# Converting Coralife Square Pin ?



## century (Mar 23, 2011)

I have a Coralife 36" AquaLight Fixture - 2 x 96W with Square Pin lights, 

I would like to convert it to take 2 x 96W with Straight Pin lights or four or more T5 HO Bulbs because the replacement bulbs are cheaper.
Has anyone done this? Is it even possible? I need a little help in being pointer in the right direction.


Where do u guys buy ur bulbs


----------



## matti2uude (Jan 10, 2009)

There are adapters I bought to use straight pin in my square pin fixture. I think they were about $20. I think I got them from Aquatraders.
Here is the link http://www.aquatraders.com/Pin-Converter-p/59010.htm


----------



## altcharacter (Jan 10, 2011)

The ballast for a t5ho would be anywhere from 30-60 depending on where you go and the endcaps are a few bucks each...but it is possible.

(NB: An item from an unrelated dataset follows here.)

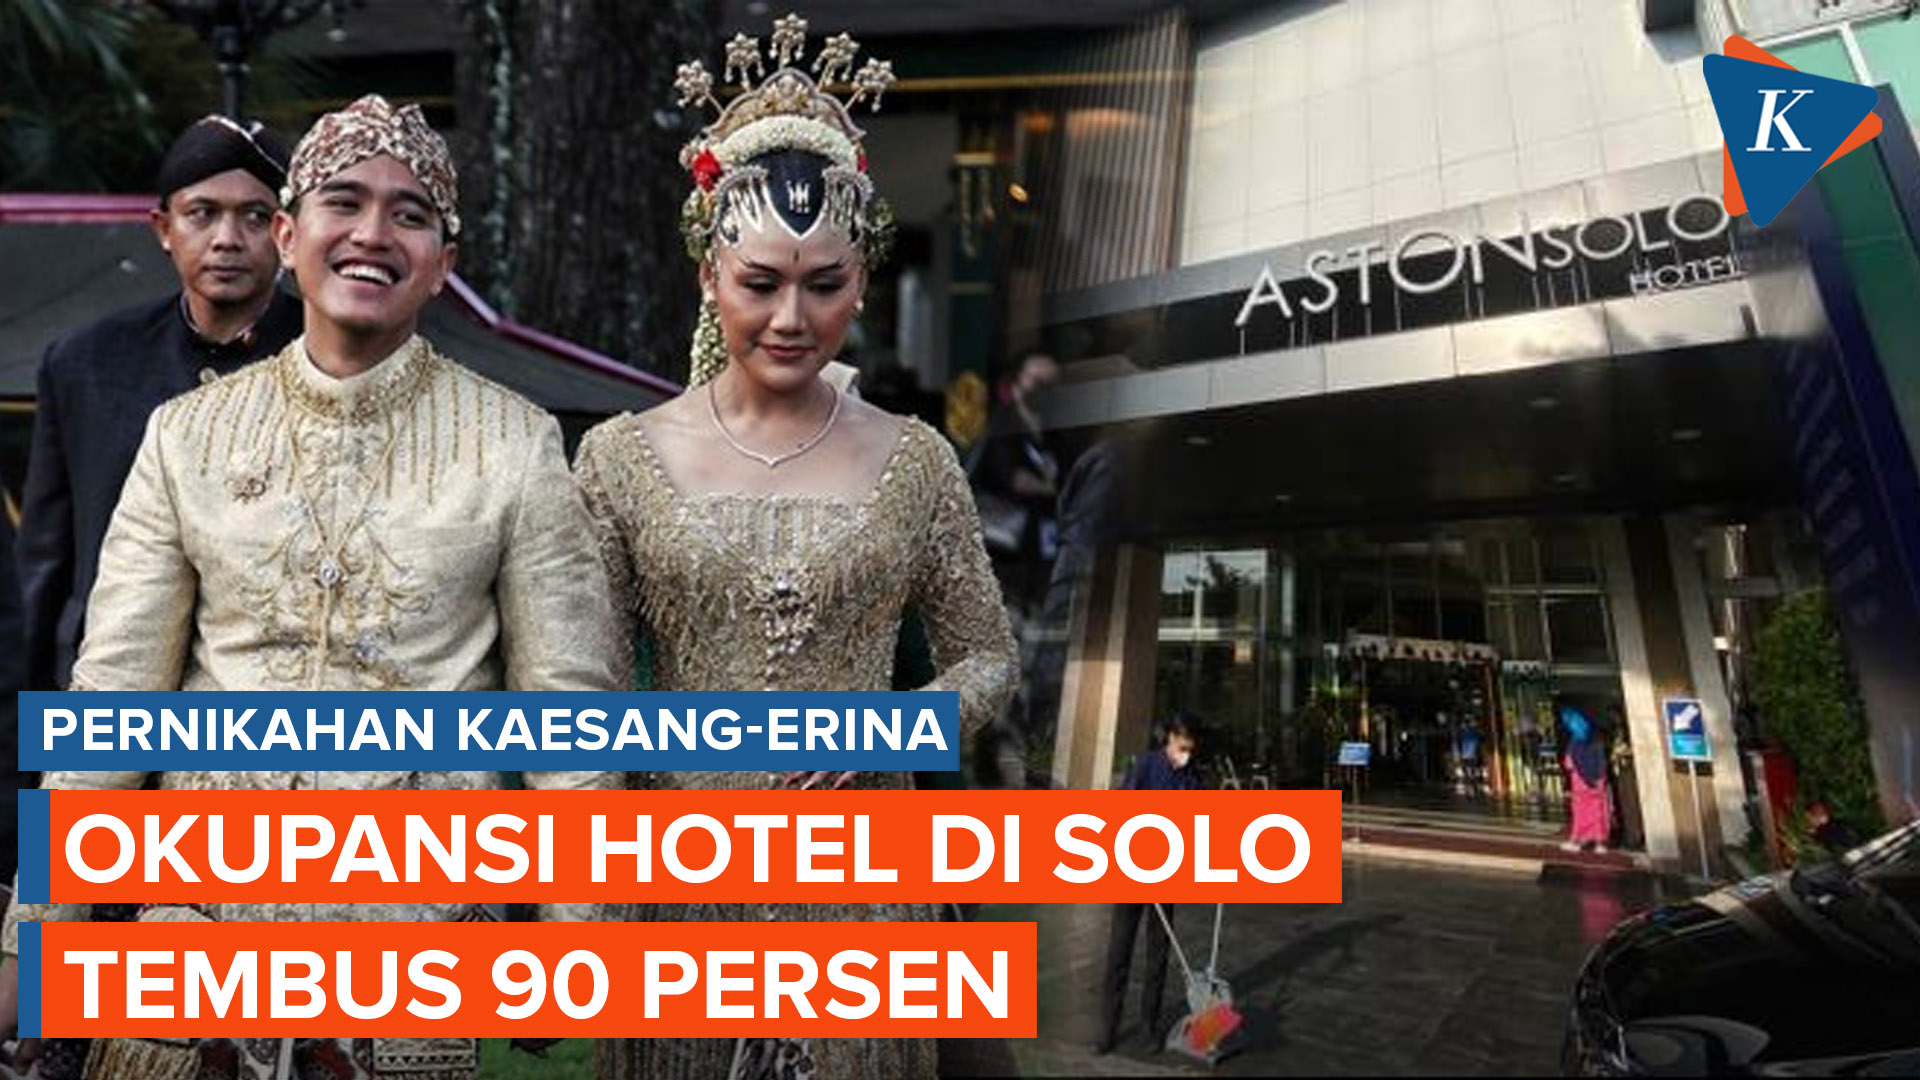 Pernikahan Kaesang-Erina di Surakarta, Okupansi Hotel di Solo Raya Tembus 90 Persen

It mightt just be easier to keep your eye out for a used t5


----------



## tom g (Jul 8, 2009)

*bulbs*

so which of these bulbs is expensive the 4 straight pins or the 4 square pins 
i have a light fix that is missing one bulb it is a 4 straight pin type .


----------



## Dman (May 1, 2012)

Ai has a very good price on compact floresents


----------



## century (Mar 23, 2011)

matti2uude said:


> There are adapters I bought to use straight pin in my square pin fixture. I think they were about $20. I think I got them from Aquatraders.
> Here is the link http://www.aquatraders.com/Pin-Converter-p/59010.htm


hey thanks i think i might order this .

what is AI


----------



## DaFishMan (Dec 19, 2006)

aqua inspiration.

Will a square to straight pin conversion allow to find cheaper bulbs here ? What would they cost ?


----------